= Riesz–Markov–Kakutani representation theorem =

Statement about linear functionals and measures

In mathematics, the Riesz–Markov–Kakutani representation theorem relates linear functionals on spaces of continuous functions on a locally compact space to measures in measure theory. The theorem is named for Riesz (1909) who introduced it for continuous functions on the unit interval, Markov (1938) who extended the result to some non-compact spaces, and Kakutani (1941) who extended the result to compact Hausdorff spaces.

There are many closely related variations of the theorem, as the linear functionals can be complex, real, or positive, the space they are defined on may be the unit interval or a compact space or a locally compact space, the continuous functions may be vanishing at infinity or have compact support, and the measures can be Baire measures or regular Borel measures or Radon measures or signed measures or complex measures.

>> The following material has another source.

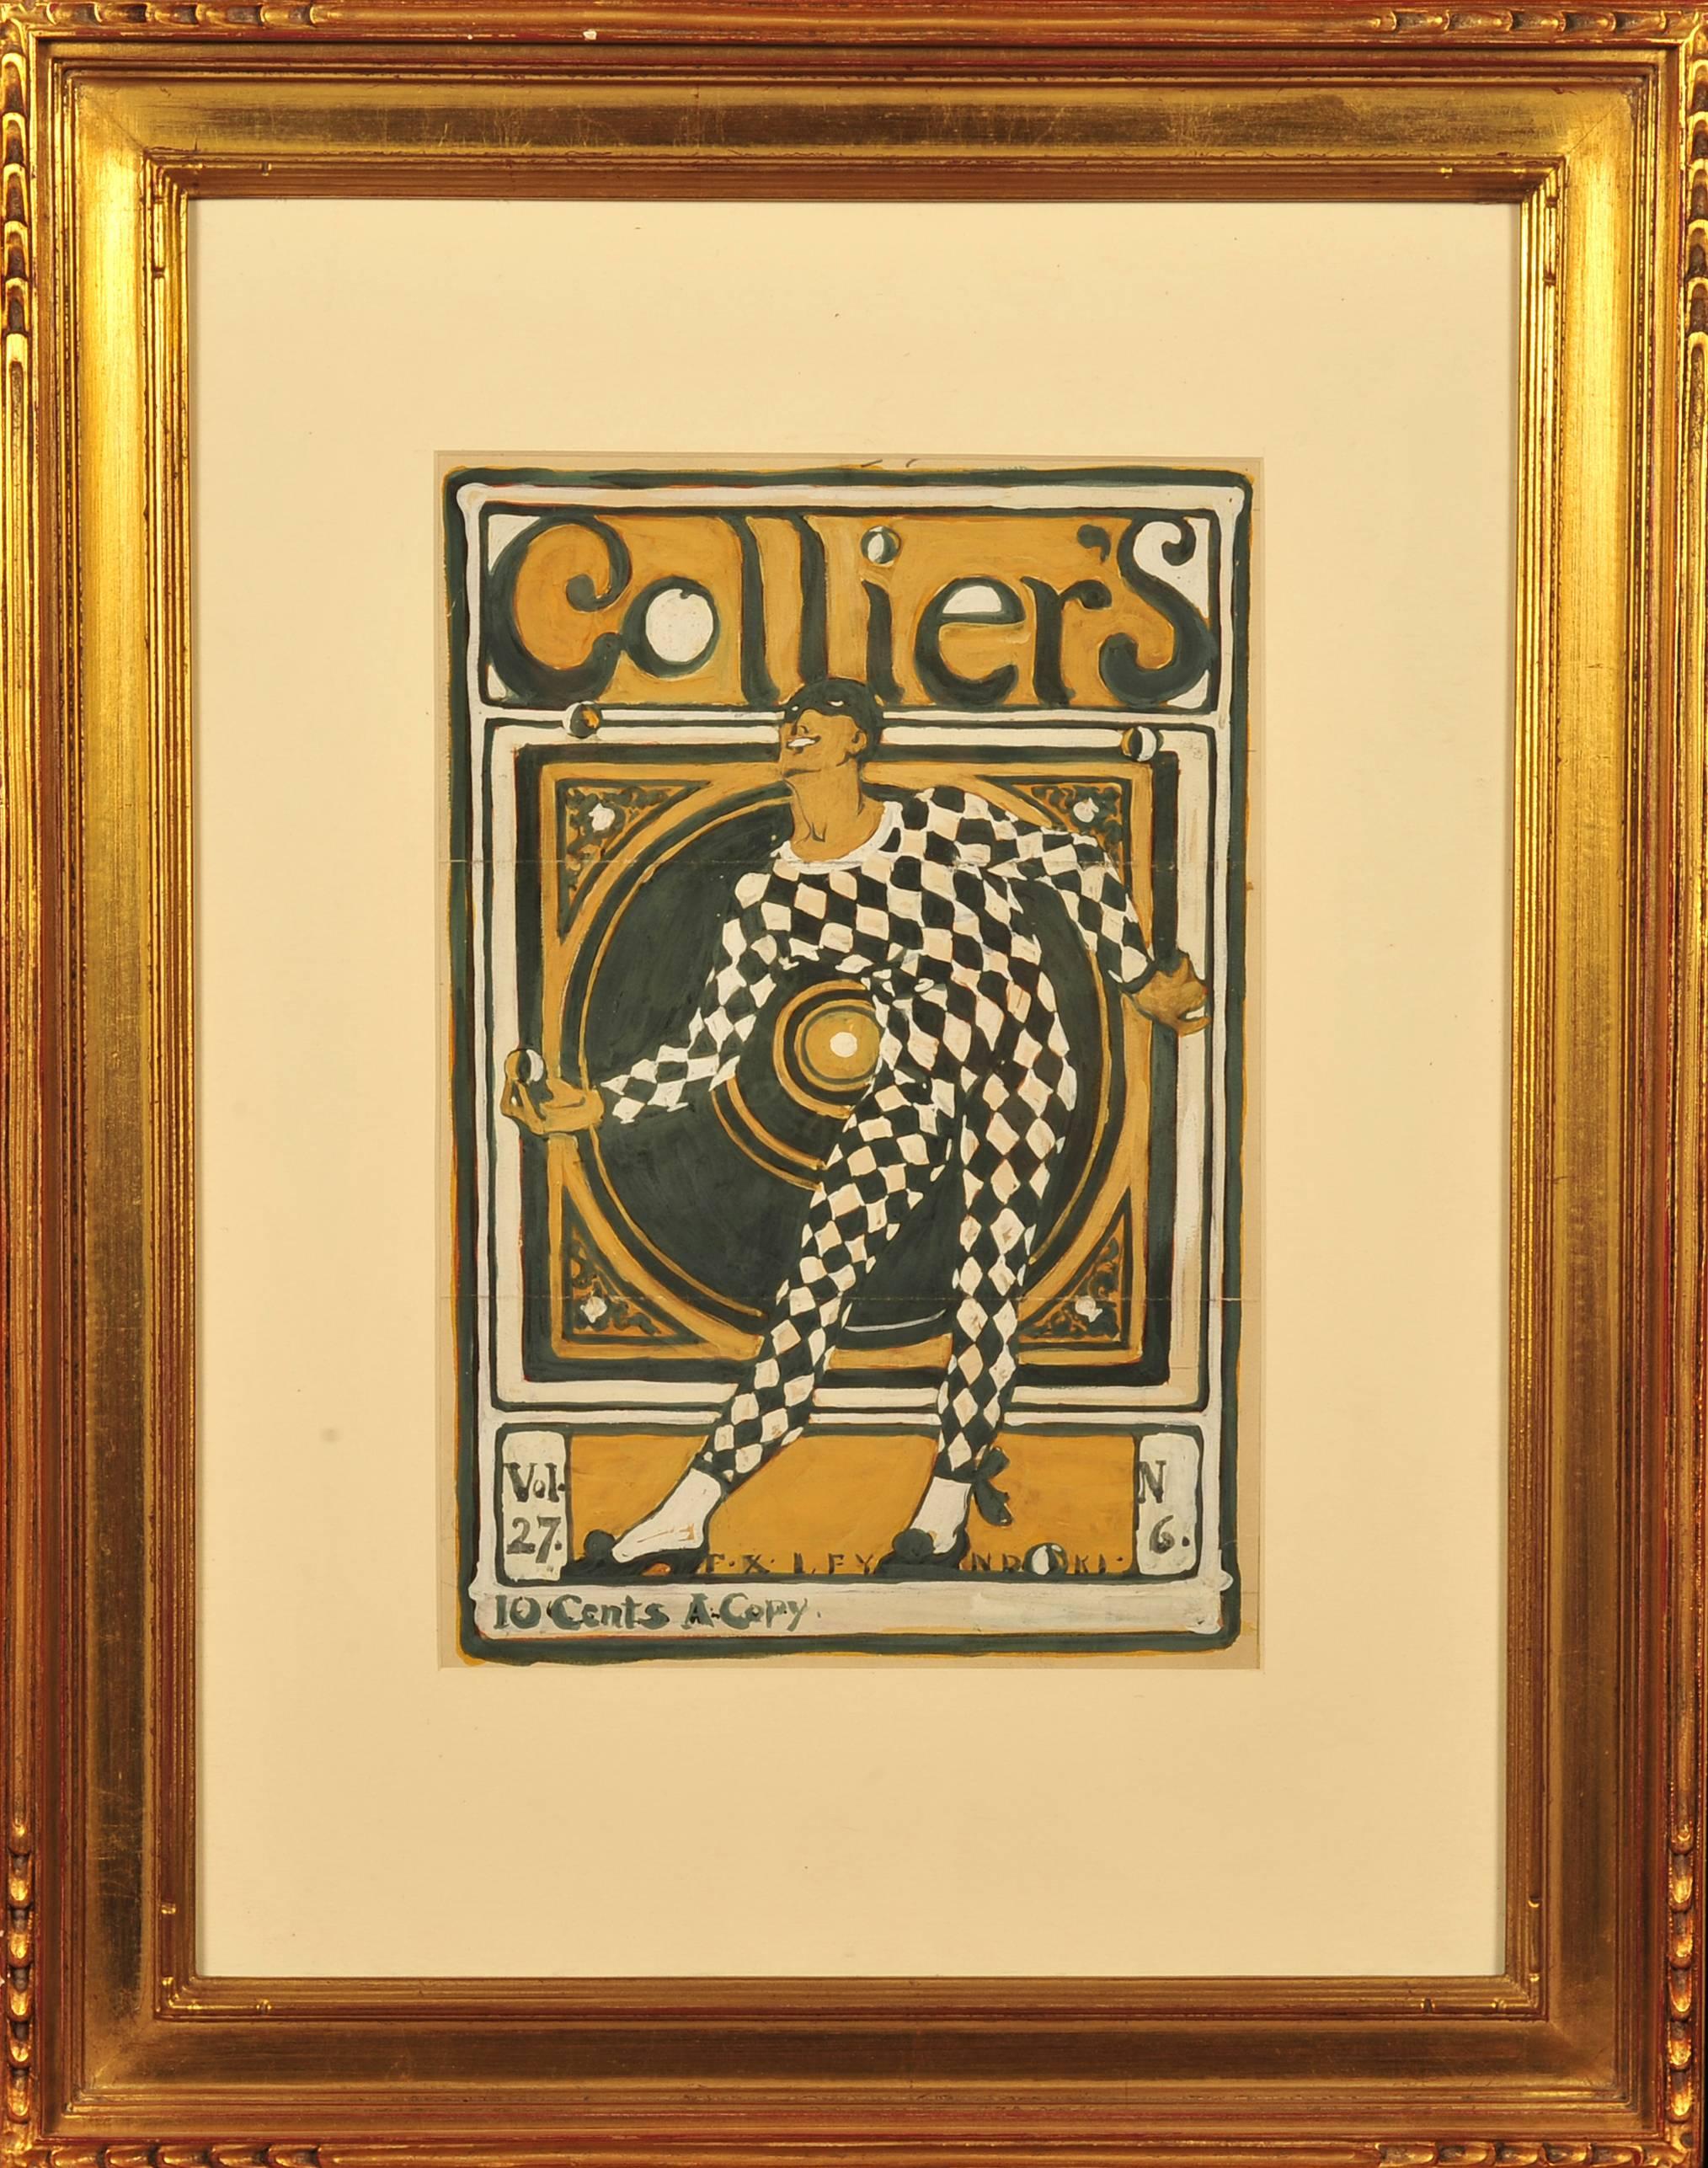 Étude pour la couverture du magazine Collier's - Painting de Frank Xavier Leyendecker

== The representation theorem for positive linear functionals on C_{c}(X) ==

The statement of the theorem for positive linear functionals on C_{c}(X), the space of compactly supported complex-valued continuous functions, is as follows:

Theorem Let X be a locally compact Hausdorff space and $\psi$ a positive linear functional on C_{c}(X). Then there exists a unique positive Borel measure $\mu$ on X such that
$\psi(f) = \int_X f(x) \, d\mu(x), \quad \forall f \in C_c(X),$

which has the following additional properties for some $\Sigma$ containing the Borel σ-algebra on X:

- $\mu(K)<\infty$ for every compact $K\subset X$,
- Outer regularity: $\mu(E) = \inf \{\mu(U): E \subseteq U, U \mbox{ open}\}$ holds for every Borel set $E\in\Sigma$;
- Inner regularity: $\mu(E) = \sup \{\mu(K): K \subseteq E, K \mbox{ compact}\}$ holds whenever $E$ is open or when $E$ is Borel and $\mu(E)<\infty$;
- $(X,\Sigma,\mu)$ is a complete measure space

One approach to measure theory is to start with a Radon measure, defined as a positive linear functional on C_{c}(X). This is the way adopted by Bourbaki; it does of course assume that X starts life as a topological space, rather than simply as a set. For locally compact spaces an integration theory is then recovered.

Without the condition of regularity the Borel measure need not be unique. For example, let X be the set of ordinals at most equal to the first uncountable ordinal Ω, with the topology generated by "open intervals". The linear functional taking a continuous function to its value at Ω corresponds to the regular Borel measure with a point mass at Ω. However it also corresponds to the (non-regular) Borel measure that assigns measure 1 to any Borel set $B\subseteq [0,\Omega]$ if there is closed and unbounded set $C\subseteq [0,\Omega]$ with $C\subseteq B$, and assigns measure 0 to other Borel sets. (In particular the singleton $\{\Omega\}$ gets measure 0, contrary to the point mass measure.)

== The representation theorem for the continuous dual of C_{0}(X) ==

The following representation, also referred to as the Riesz–Markov theorem, gives a concrete realisation of the topological dual space of C_{0}(X), the set of continuous functions on X which vanish at infinity.

Theorem Let X be a locally compact Hausdorff space. For any continuous linear functional $\psi$ on C_{0}(X), there is a unique complex-valued regular Borel measure $\mu$ on X such that
$\psi(f) = \int_X f(x) \, d \mu(x), \quad \forall f \in C_0(X).$
A complex-valued Borel measure $\mu$ is called regular if the positive measure $| \mu |$ satisfies the regularity conditions defined above. The norm of $\psi$ as a linear functional is the total variation of $\mu$, that is
$\|\psi\| = |\mu|(X).$
Finally, $\psi$ is positive if and only if the measure $\mu$ is positive.

One can deduce this statement about linear functionals from the statement about positive linear functionals by first showing that a bounded linear functional can be written as a finite linear combination of positive ones.

==Historical remark==
In its original form by Riesz (1909) the theorem states that every continuous linear functional A over the space C([0, 1]) of continuous functions f in the interval [0, 1] can be represented as

$A[f(x)] = \int_0^1 f(x)\,d\alpha(x),$

where α(x) is a function of bounded variation on the interval [0, 1], and the integral is a Riemann–Stieltjes integral. Since there is a one-to-one correspondence between Borel regular measures in the interval and functions of bounded variation (that assigns to each function of bounded variation the corresponding Lebesgue–Stieltjes measure, and the integral with respect to the Lebesgue–Stieltjes measure agrees with the Riemann–Stieltjes integral for continuous functions), the above stated theorem generalizes the original statement of F. Riesz.